Da roça à mesa: PAA conecta agricultura familiar ao combate à fome em Campinas

Programa de Aquisição de Alimentos promove o desenvolvimento territorial ao integrar a produção do campo, a geração de renda e o abastecimento de instituições sociais 

Por Helena Rocha e Henrique Ferro

Antes de chegar ao prato de uma pessoa em situação de vulnerabilidade, o alimento percorre um caminho que começa longe das cozinhas sociais. Começa na terra, no trabalho diário de agricultores familiares que plantam, colhem e entregam parte da produção com um destino já definido: alimentar quem mais precisa.

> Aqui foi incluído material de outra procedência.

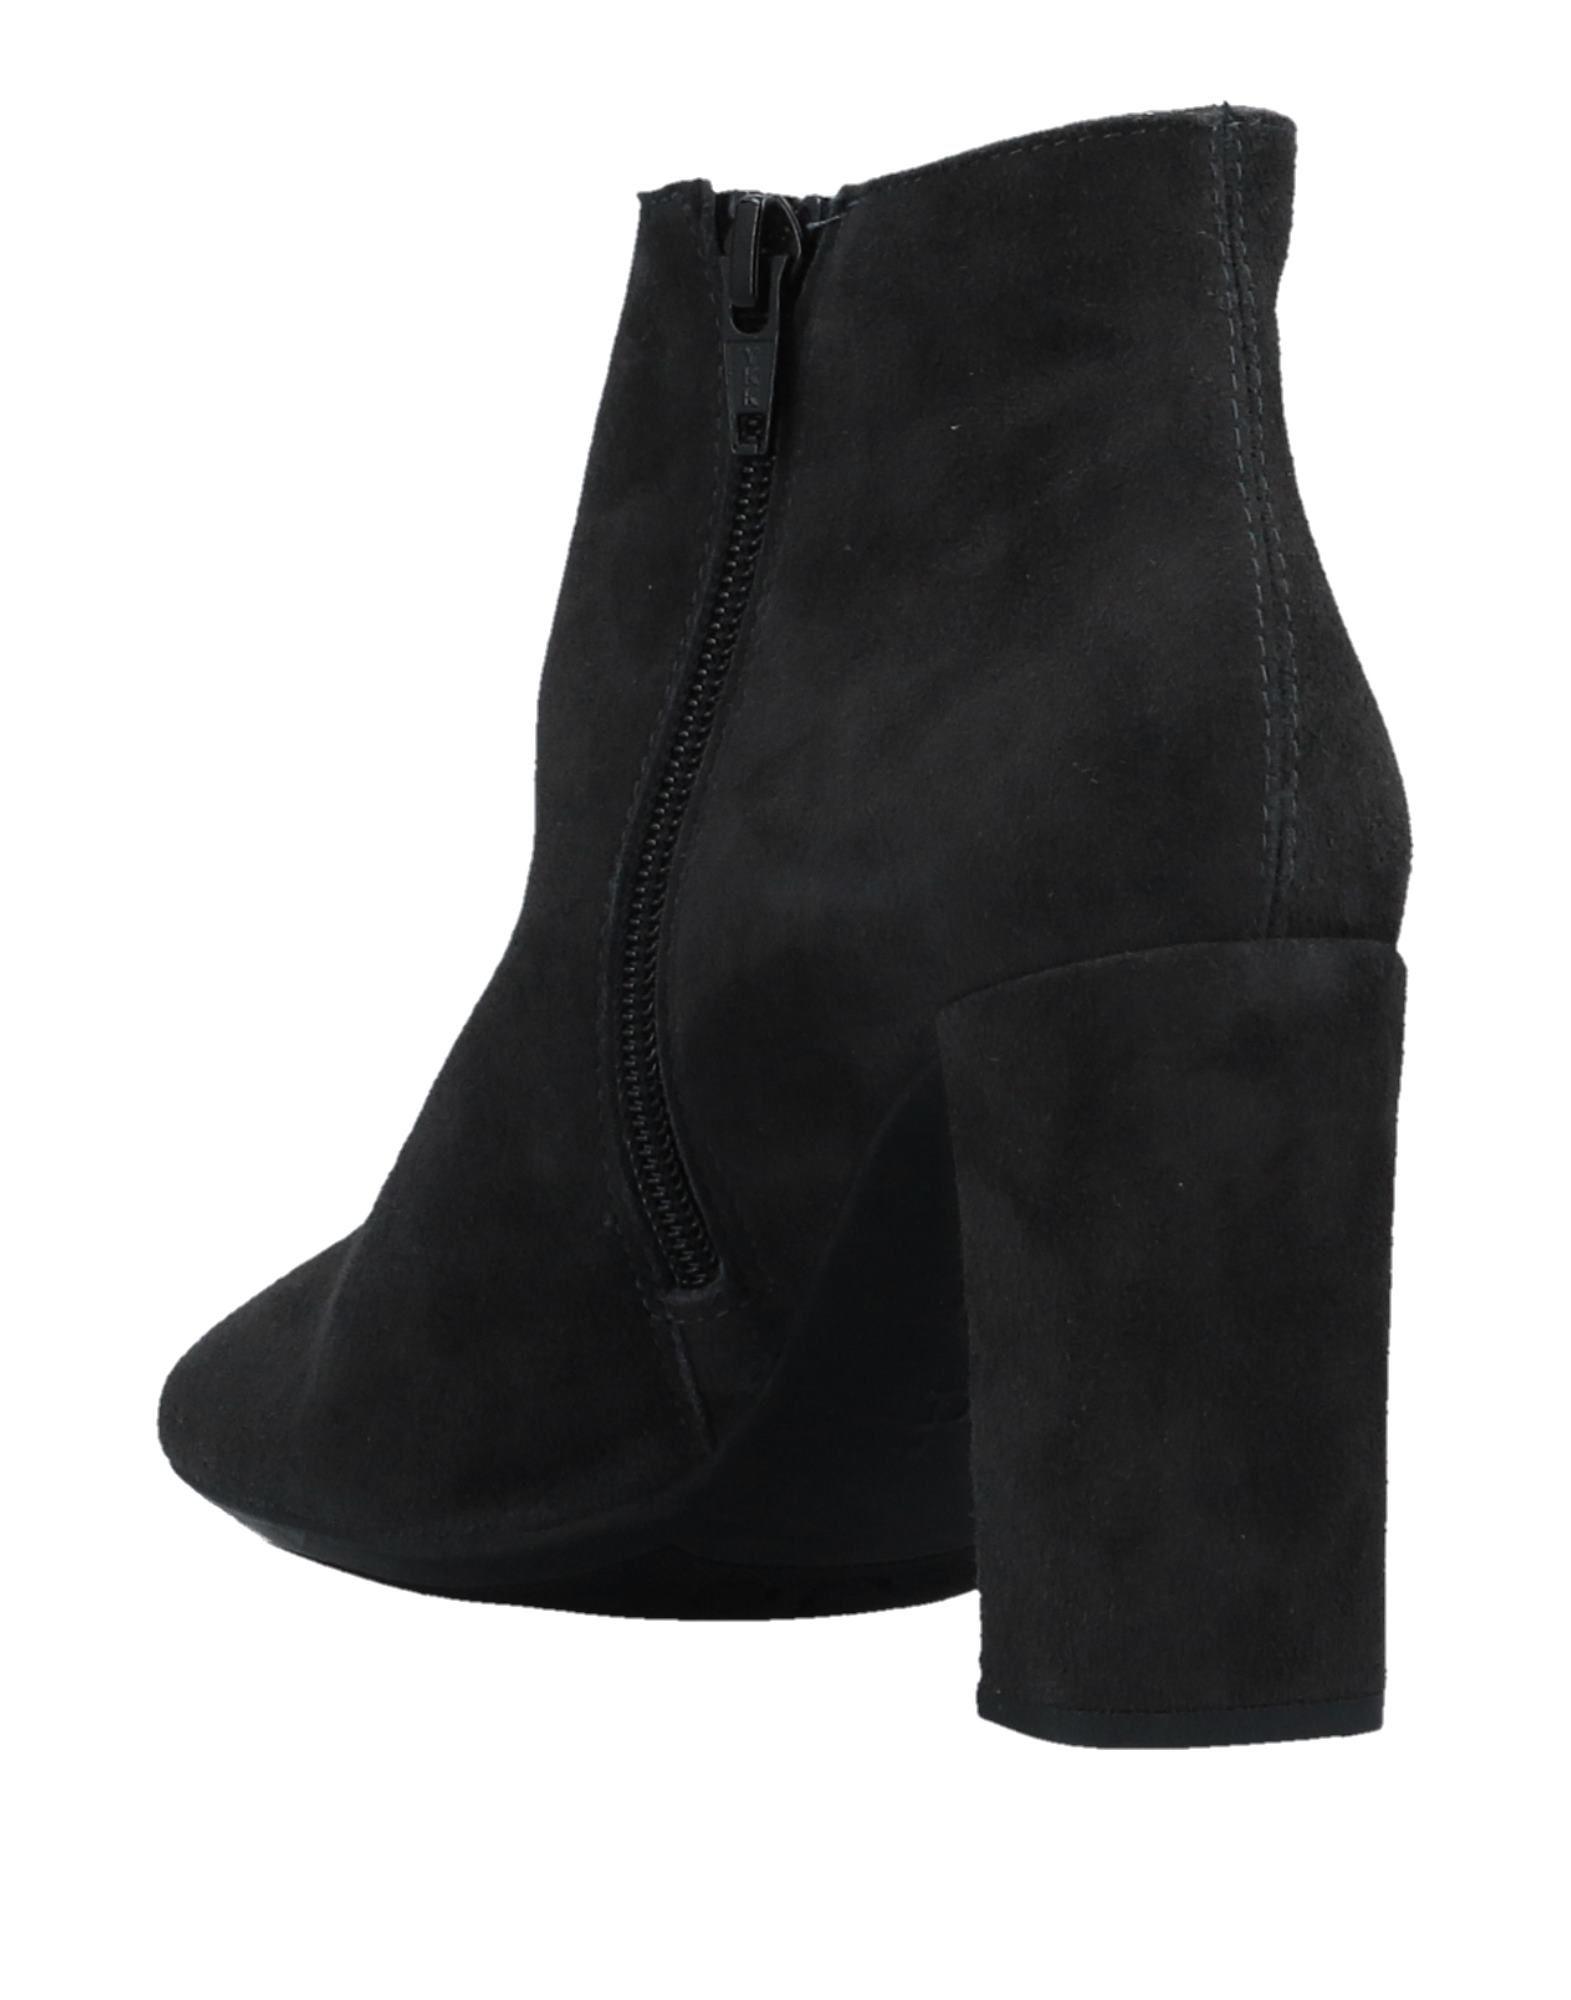 Unisa Stiefelette Gute Damen  11052342JM Gute Stiefelette Qualität beliebte Schuhe 42eb20

Em Campinas, frutas, legumes, verduras e hortaliças cultivados por pequenos produtores chegam a abrigos, casas de acolhimento, cozinhas solidárias e instituições sociais por meio do Programa de Aquisição de Alimentos, o PAA. A iniciativa cria uma ponte entre quem produz e quem precisa se alimentar, aproximando a agricultura familiar das políticas públicas de combate à fome.

O PAA é uma política pública federal executada no município pela Secretaria Municipal de Desenvolvimento e Assistência Social, com o Banco Municipal de Alimentos como estrutura operacional central. Por meio do programa, a prefeitura compra alimentos diretamente de agricultores familiares e distribui os produtos a instituições sociais. Na prática, os alimentos saem da produção familiar, passam pelo Banco Municipal de Alimentos e chegam a entidades que atendem pessoas em situação de rua, idosos, crianças e famílias em insegurança alimentar.

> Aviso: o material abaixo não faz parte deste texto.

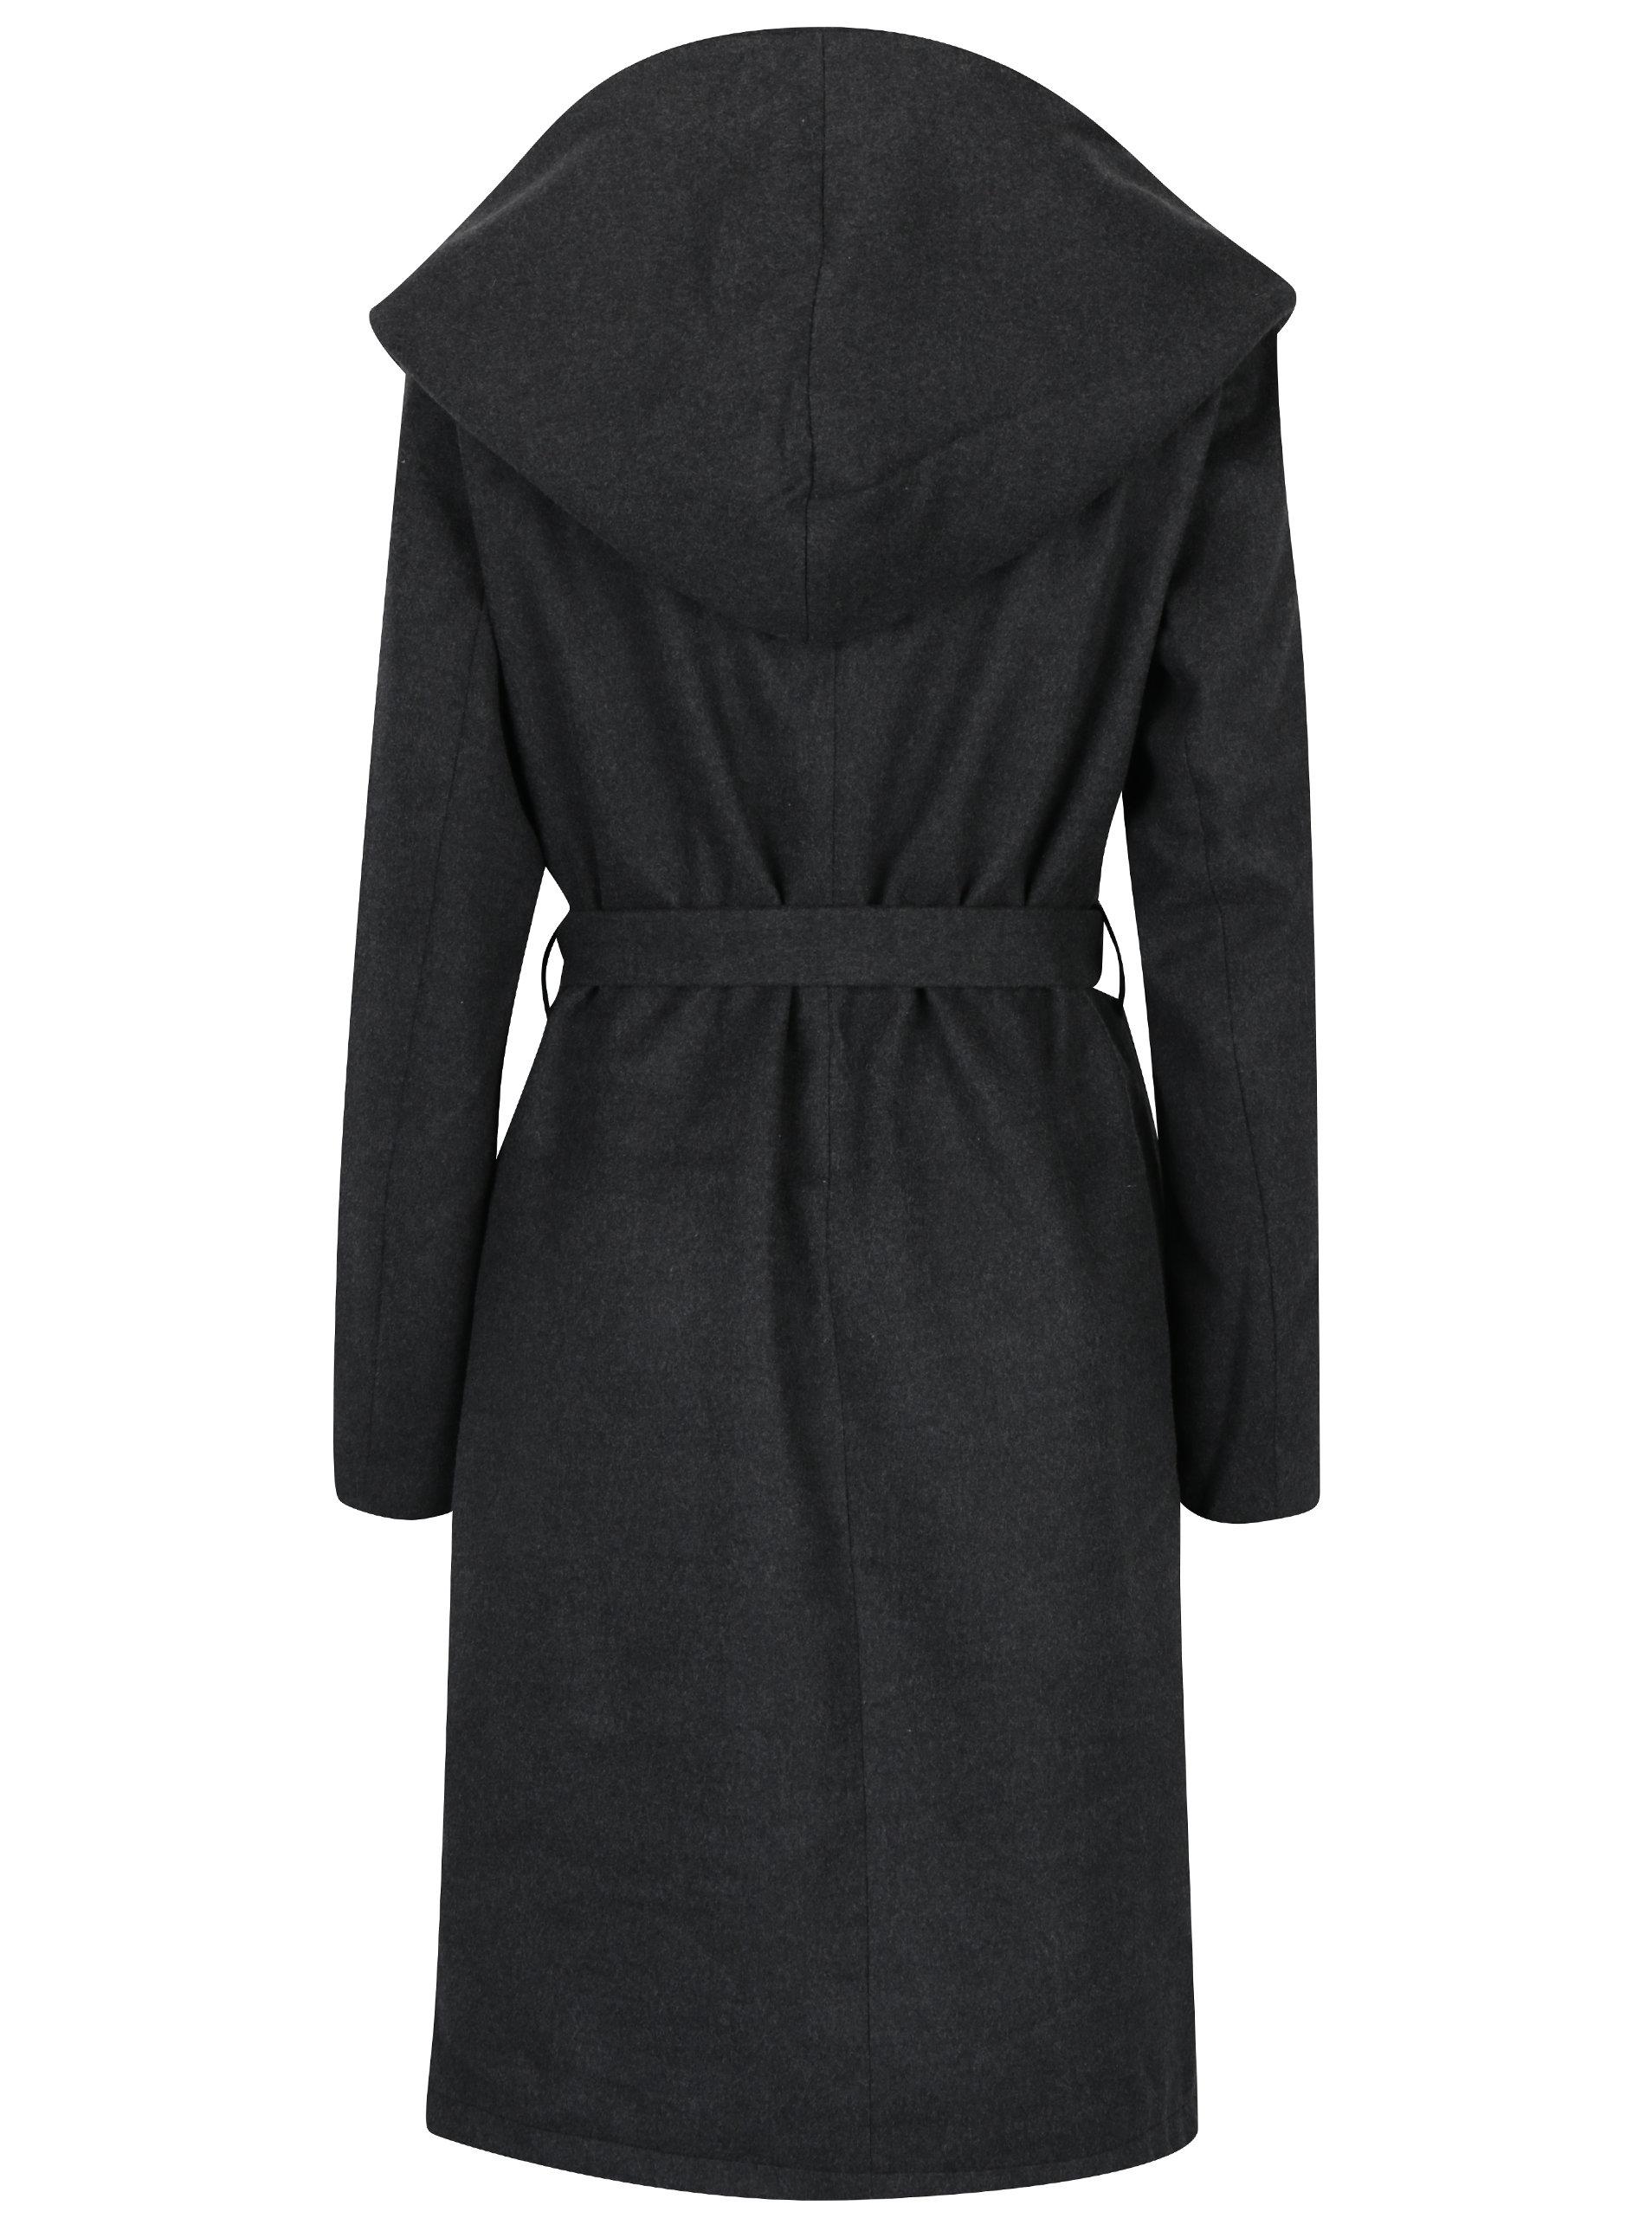 6803f3efa8 Tmavě šedý kabát s kapucí ONLY Phoebe ...

Em 2025, o PAA movimentou R$ 579 mil em Campinas, beneficiou 52 agricultores familiares fornecedores, distribuiu 58 toneladas de alimentos e atendeu 42 instituições da rede socioassistencial. Os números ajudam a dimensionar o alcance do programa, mas não explicam sozinhos o que ele representa.

Programa de Aquisição de Alimentos contribui para segurança alimentar, desenvolvimento territorial e geração de renda no campo (Foto: Henrique Ferro)

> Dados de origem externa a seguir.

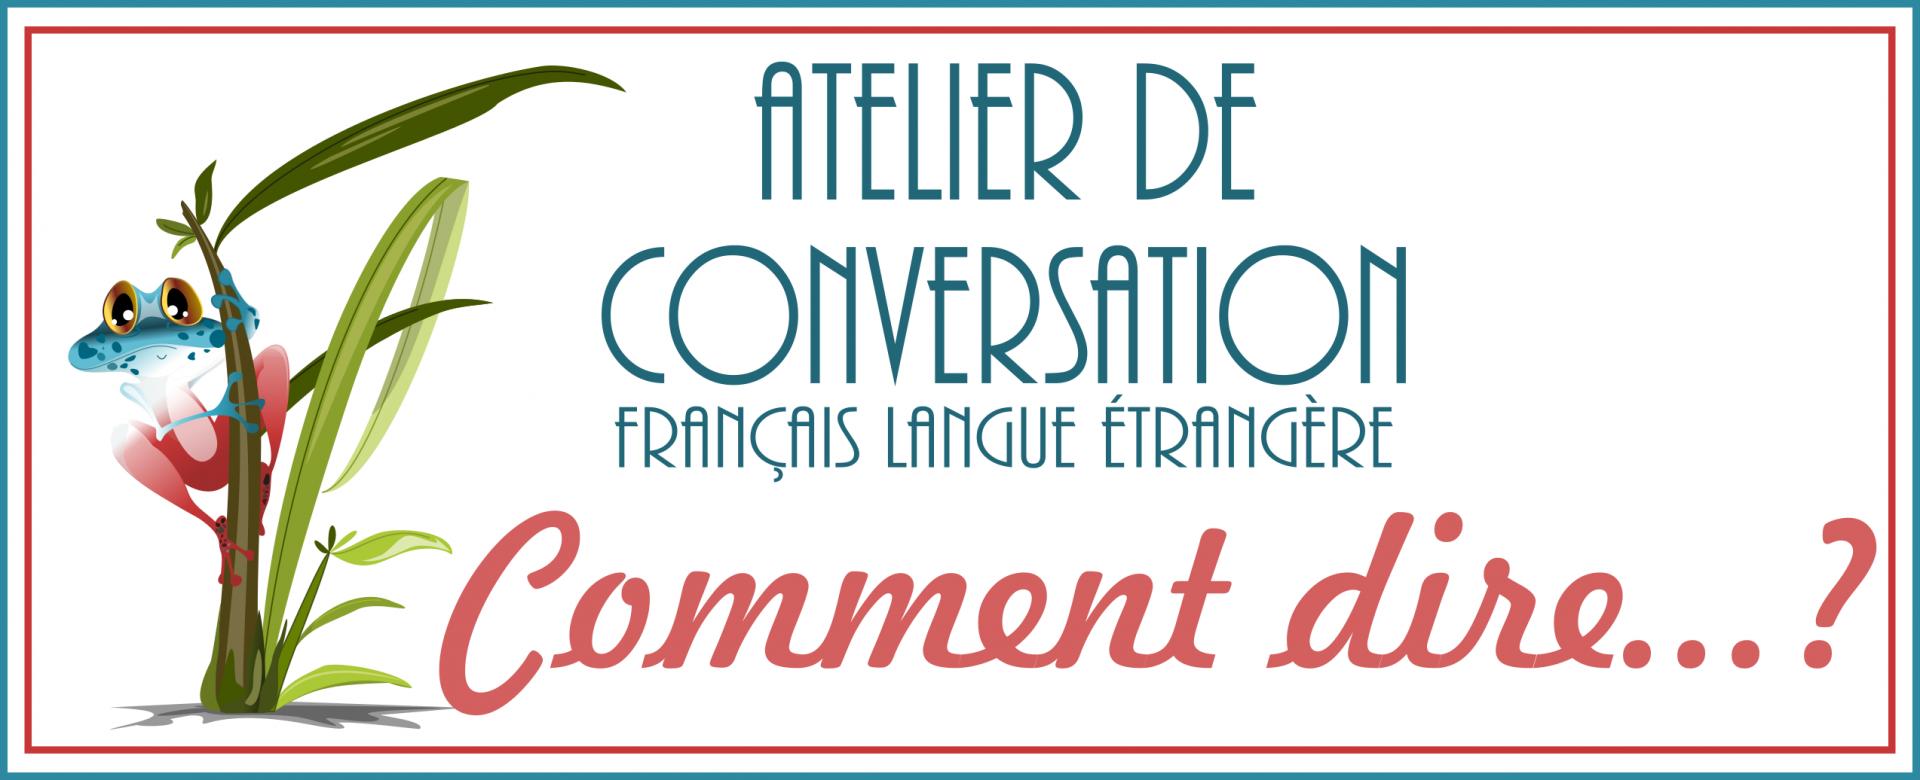 Atelier de conversation en français: comment dire?

Entre a roça e a mesa, o PAA cria uma rede que envolve segurança alimentar, renda, permanência no campo, circulação de recursos e desenvolvimento territorial. A lógica é simples, mas o impacto é amplo. De um lado, o programa garante alimentos frescos para quem mais precisa. De outro, cria um canal de venda para agricultores familiares, que muitas vezes enfrentam dificuldade para comercializar a produção ou ficam expostos às oscilações do mercado.

O produtor rural Cesar Martins integra o PAA desde 2008 e cultiva, no sítio, uma variedade de produtos, como abacate, limão, goiaba, pitaya, mandioca, milho verde, abobrinha, quiabo e hortaliças em geral. Para ele, participar do programa não significa apenas vender parte da produção, significa saber que aquilo que foi plantado, cuidado e colhido terá uma função social. “Participo por saber que a minha produção alimenta aqueles que mais precisam”, relata o agricultor.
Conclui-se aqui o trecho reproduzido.